21:50 The Esselen language is extinct. All that is known of it is collected in a paper on the Languages of the Coast of California South of San Francisco, issued in the second volume of the present series of publications. The sentence here added is therefore a welcome contribution, even though it does not yet yield to analysis. Egenoch is man and lottos arrow, according to the vocabularies. The mx in lalucuimxs is doubtful in the manuscript, also the g in ege, and the z in tahezapami, for which taherapami should perhaps be read. The Costanoan dialect of San Carlos and Monterey has been briefly discussed, under the name of Rumsen, in the publication just mentioned. Mukiamk is man, uti is they, ekhe is much, very, lauwan is bow, ins or iwis, not discernible in the sentence above, is like, love, tepek, also without parallel, is to shoot; -st and -n are verbal endings. Igest should perhaps be read iyest, and the end of maigin is not clear in the manuscript.

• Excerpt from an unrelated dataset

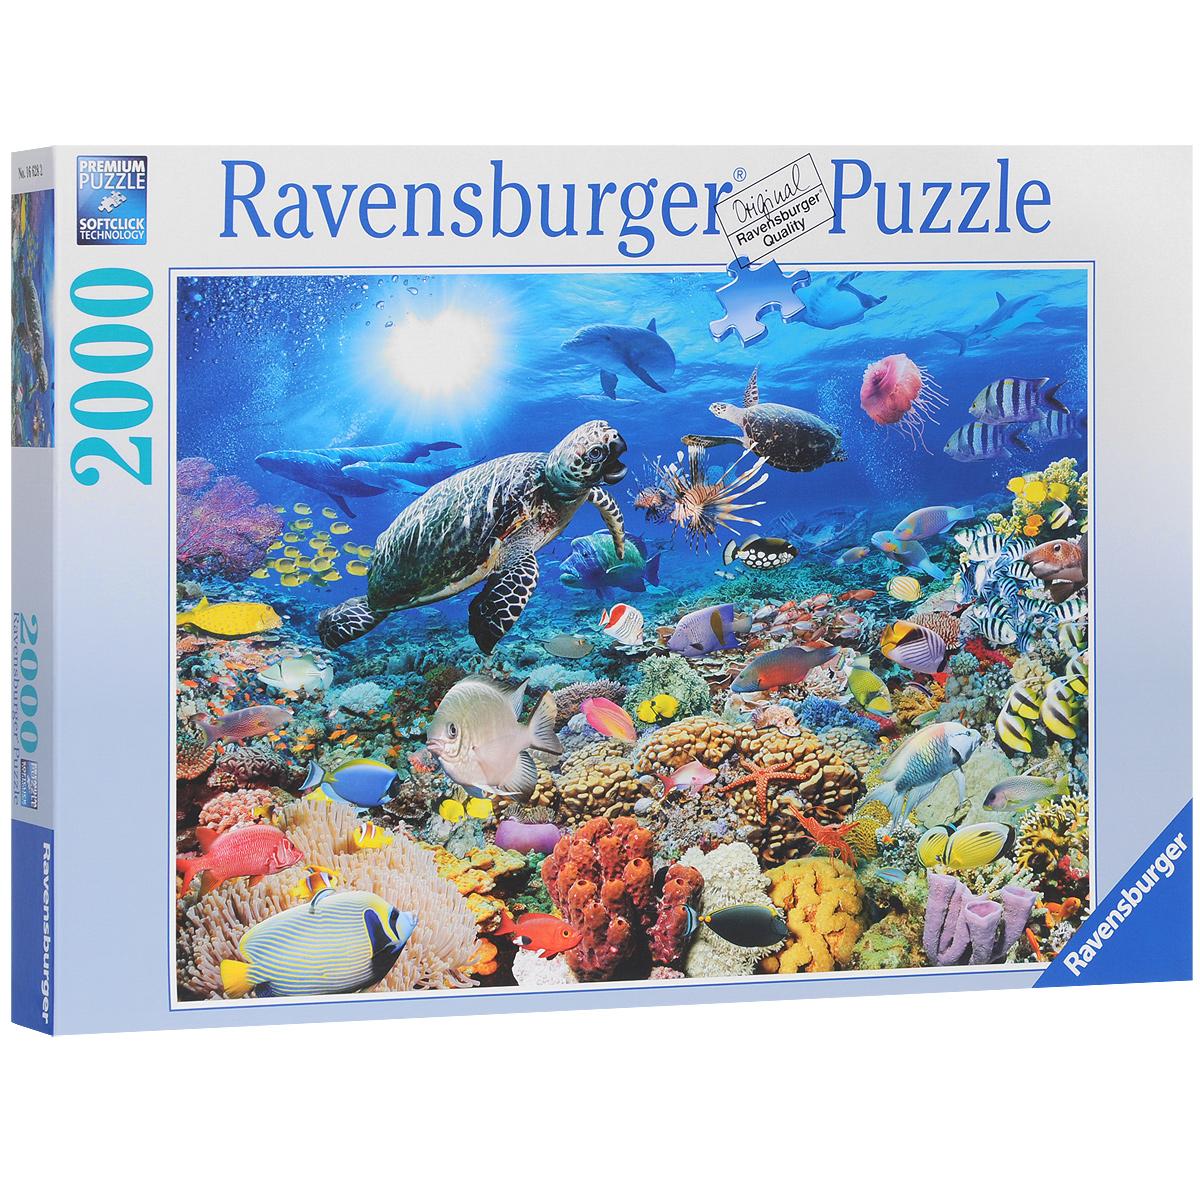 Ravensburger Подводный мир. Пазл, 2000 элементов166282Пазл Ravensburger Подводный мир, без сомнения, придется вам по душе. Собрав этот пазл, включающий в себя 2000 элементов, вы получите великолепную картину с изображением подводных обитателей. Каждая деталь имеет свою форму и подходит только на своё место. Нет двух одинаковых деталей! Пазл изготовлен из картона высочайшего качества. Все изображения аккуратно отсканированы и напечатаны на ламинированной бумаге. Пазл - великолепная игра для семейного досуга. Сегодня собирание пазлов стало особенно популярным, главным образом, благодаря своей многообразной тематике, способной удовлетворить самый взыскательный вкус. А для детей это не только интересно, но и полезно. Собирание пазла развивает мелкую моторику у ребенка, тренирует наблюдательность, логическое мышление, знакомит с окружающим миром, с цветом и разнообразными формами.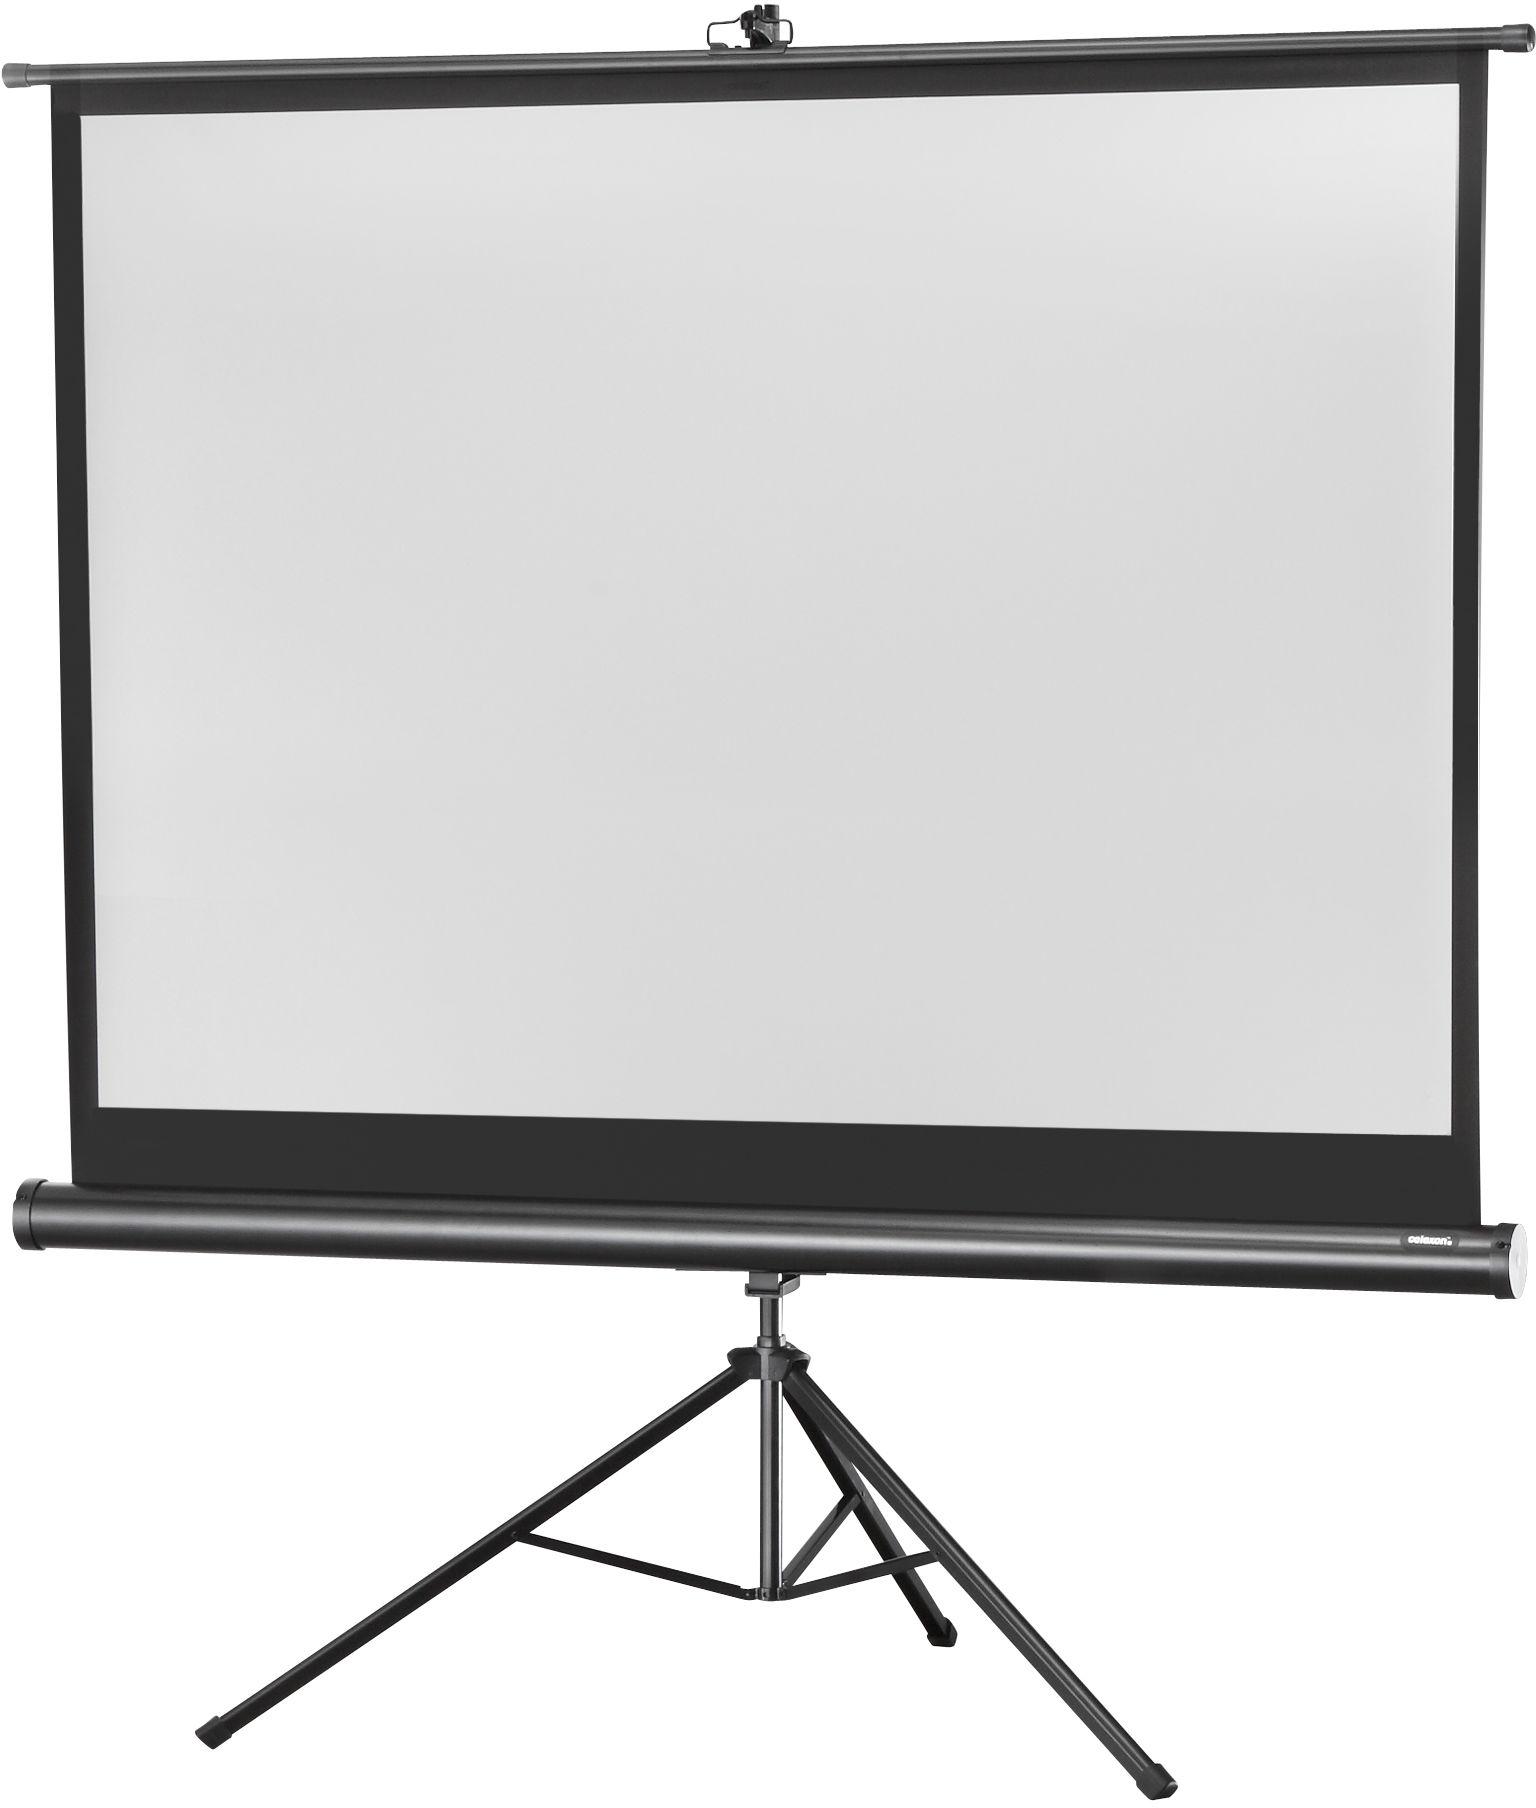 celexon Economy 158 x 118 cm ekran projekcyjny na trójnogu - Biala edycja

22:51 This method of sweating used by women who have recently given birth, suggests the Luiseño and Diegueño practice at the girls’ puberty ceremony, as described by Boscana and in an article by H. N. Rust in the American Anthropologist for 1906.

22:52 The split stick is the clap-stick or rattle that has been previously mentioned. It is the dancing rattle of central California, as compared with the cocoon rattle used by the shamans of the same tribes.

23:53 This might be literally true.

23:54 Some such statement is the usual form which a deadly insult or curse takes among the California Indians, from the Yurok of the extreme northwest to the Mohave of the southeast.

23:55 The reason here given for the destruction of the property of the dead, and the avoidance of his name, is the one usually obtained upon inquiry among the present Indians of California. That there were also other motives, appears from the preceding statement from San Fernando. The matter has been discussed in Notes on California Folk-Lore in the Journal of American Folk-Lore for 1906.